Average Graph Parameters II
[PDF]

ANTE CUSTIC, Simon Fraser University
Algorithms for $2$-median problems on trees with small number of leaves  [PDF]

Given a tree with weights assigned to vertices and lengths to edges, the $p$-median problem on trees is a problem of finding $p$ locations in the tree, so that the sum of weighted distances to the closest location for all vertices is minimized. Optimal solution for $p=1$ is the weighted centroid of a tree, which can be found in $O(n)$ time, while best known bound for $p=2$ is $O(n\log n)$ which is given by Gavish and Sridhar in 1995. In this talk we improve this result when the number of leaves is small, i.e. we present $O(n\log s)$ time algorithm for the $2$-median problem on trees, where $s$ denotes the number of leaves. Furthermore, we give $O(n\log s)$ algorithms for the generalizations of the $2$-median problems on trees, when two medians need to satisfy distance and eccentricity constrains, respectively. This is a joint work with Rashmisnata Acharyya and Binay Bhattacharya.

DONOVAN HARE, Dept. of Math., University of British Columbia, Kelowna, BC
Tools for Constructing and Counting Odd Cycles in Graphs  [PDF]

A graph is $k$-critical if it can be colored in no fewer than $k$ colors and its proper subgraphs can be color in fewer than $k$ colors. The 3-critical graphs are just the odd cycles but for $k\geq 4$ the structure of $k$-critical graphs has no known nice characterization.

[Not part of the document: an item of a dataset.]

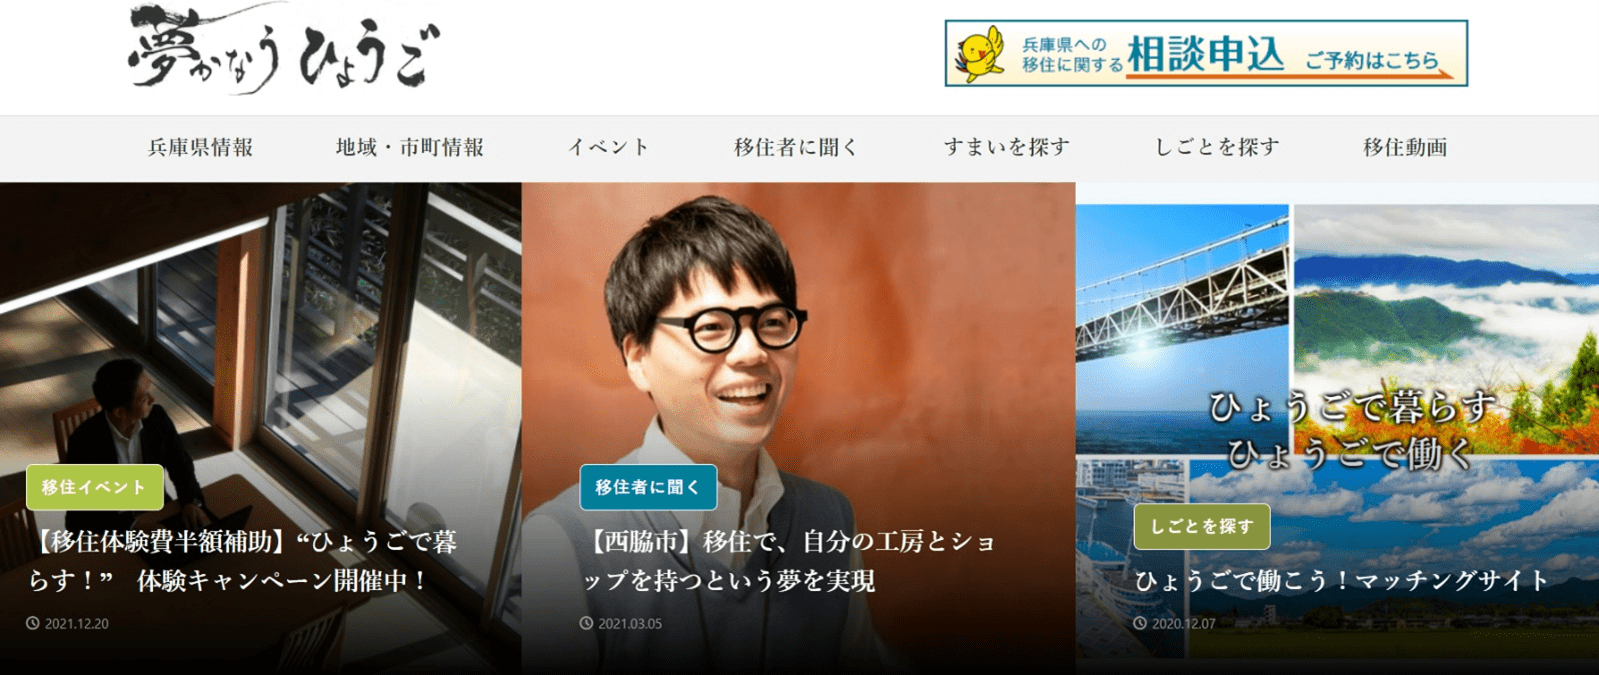 兵庫県への移住者向け情報サイト「夢かなうひょうご」
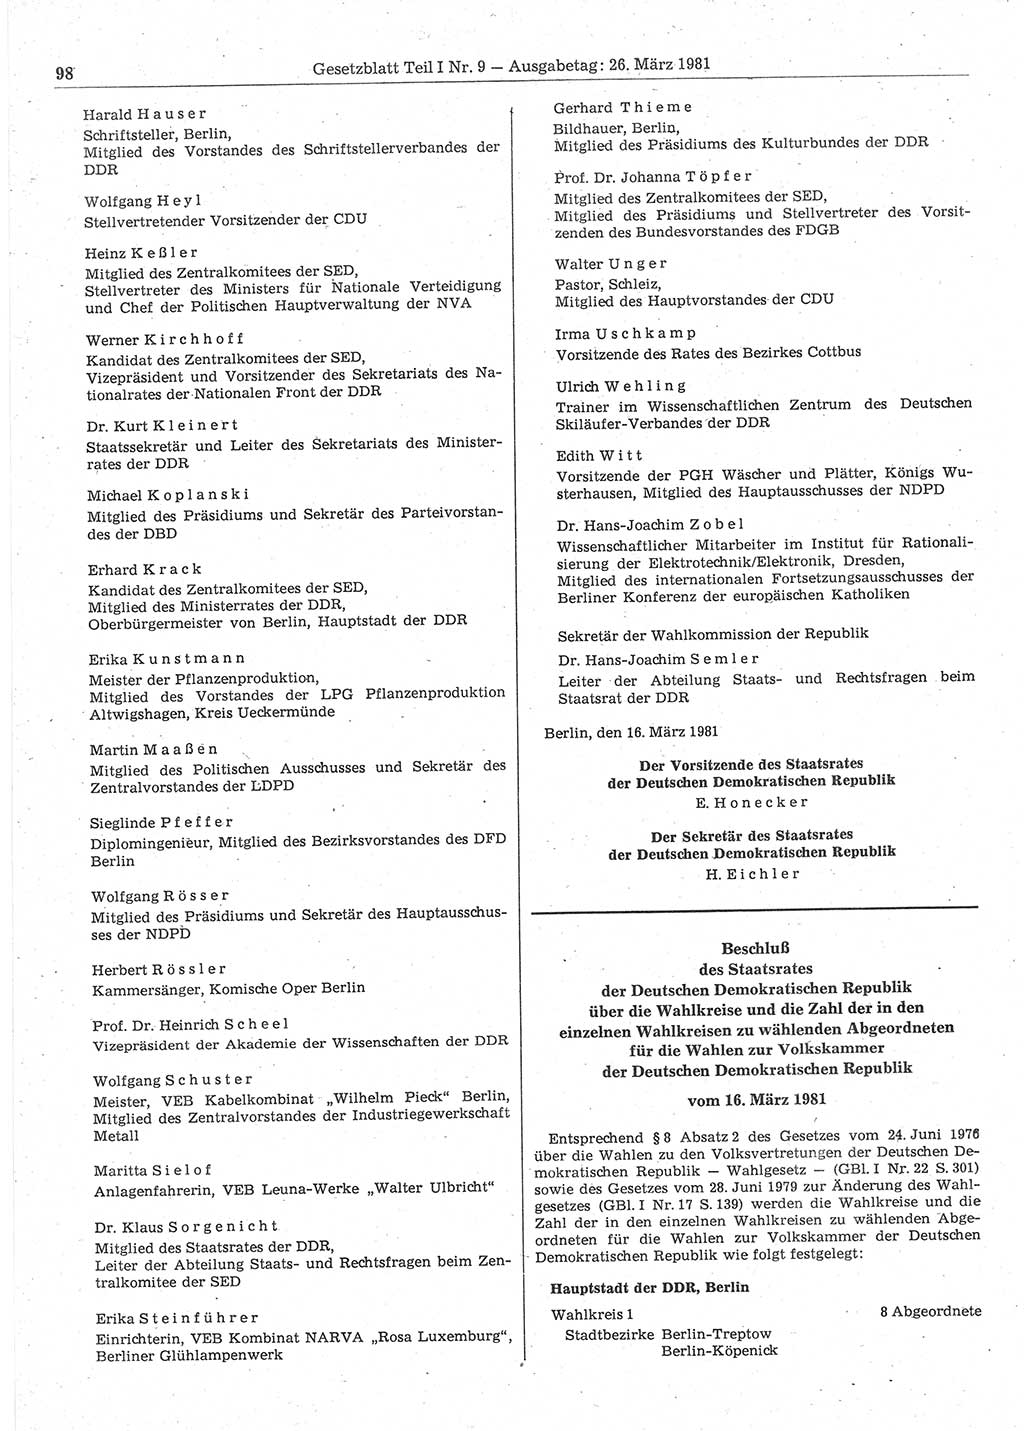 Gesetzblatt (GBl.) der Deutschen Demokratischen Republik (DDR) Teil Ⅰ 1981, Seite 98 (GBl. DDR Ⅰ 1981, S. 98)

In 1984, T.~Gallai asked whether a $k$-critical graph on $n$ vertices contains $n$ distinct $(k-1)$-critical subgraphs (this is Problem 5.9 of T.~Jensen \& B.~Toft's book Graph Coloring Problems''). This talk gives an affirmative answer to Gallai's question restricted to 4-critical graphs by proving they contain at least $\frac{8}{3}n-\frac{29}{3}$ odd cycles. Abbott and Zhou (1993) proved the previous best lower bound: $\sqrt[3]{6n}$.

FADEKEMI JANET OSAYE, University of Johannesburg, South Africa
Average eccentricity, k-packings and k-dominations in graphs  [PDF]

Let $G$ be a connected graph of order $n$. The eccentricity $e_G(v)$ of a vertex,$v$ in $G$ is the distance from $v$ to a vertex farthest from $v$ in $G$. The average eccentricity $avec(G)$ of $G$ is defined as $avec(G)= \frac{1}{n}\sum_{v\in V(G)} e_G(v)$. Given $k\in \mathbb{N}$, a $k$-packing of $G$ is a subset $S\subseteq V(G)$ such that the distance between any two vertices in $S$ is at least $k+1$. The maximum cardinality of a $k$-packing of $G$ is the $k$-packing number $\beta_k(G)$ of $G$. A subset $D\subseteq G$ is a $k$-dominating set of $G$ if each vertex of $G$ is within distance at most $k$ from some vertex in $D$. The minimum cardinality of a $k$-dominating set of $G$ is the $k$-domination number $\gamma_k(G)$ of $G$. In this talk we present old and new bounds on the average eccentricity of $G$ of given order and $k$-packing number or $k$-domination number.

FEIRAN YANG, University of Victoria
$k$-Broadcast domination and $k$-multipacking  [PDF]

Imagine transmitters located at the vertices of a graph $G$. The transmitter at each vertex $v$ broadcasts a signal of integer \emph{strength} $f(v) \geq 0$; a broadcast of positive strength from $v$ is \emph{heard} by all vertices at distance at most $f(v)$ from $v$. If every vertex hears broadcasts from at least $k$ different vertices, then the function $f$ is called a \emph{$k$-dominating broadcast}. The \emph{cost} of a $k$-dominating broadcast is $\sum\limits_{v \in V} f(v)$. The \emph{$k$-broadcast domination number} of $G$, $\gamma_{b_k}(G)$, is the smallest cost of a $k$-dominating broadcast. The 1-broadcast domination number is known as the broadcast domination number, and has been well-studied.

In this talk we will outline the basic theory of $k$-broadcast domination and the dual problem, \emph{$k$-multipacking}, and give a bound on $\gamma_{b_2}(G)$ in terms of the number of vertices of $G$.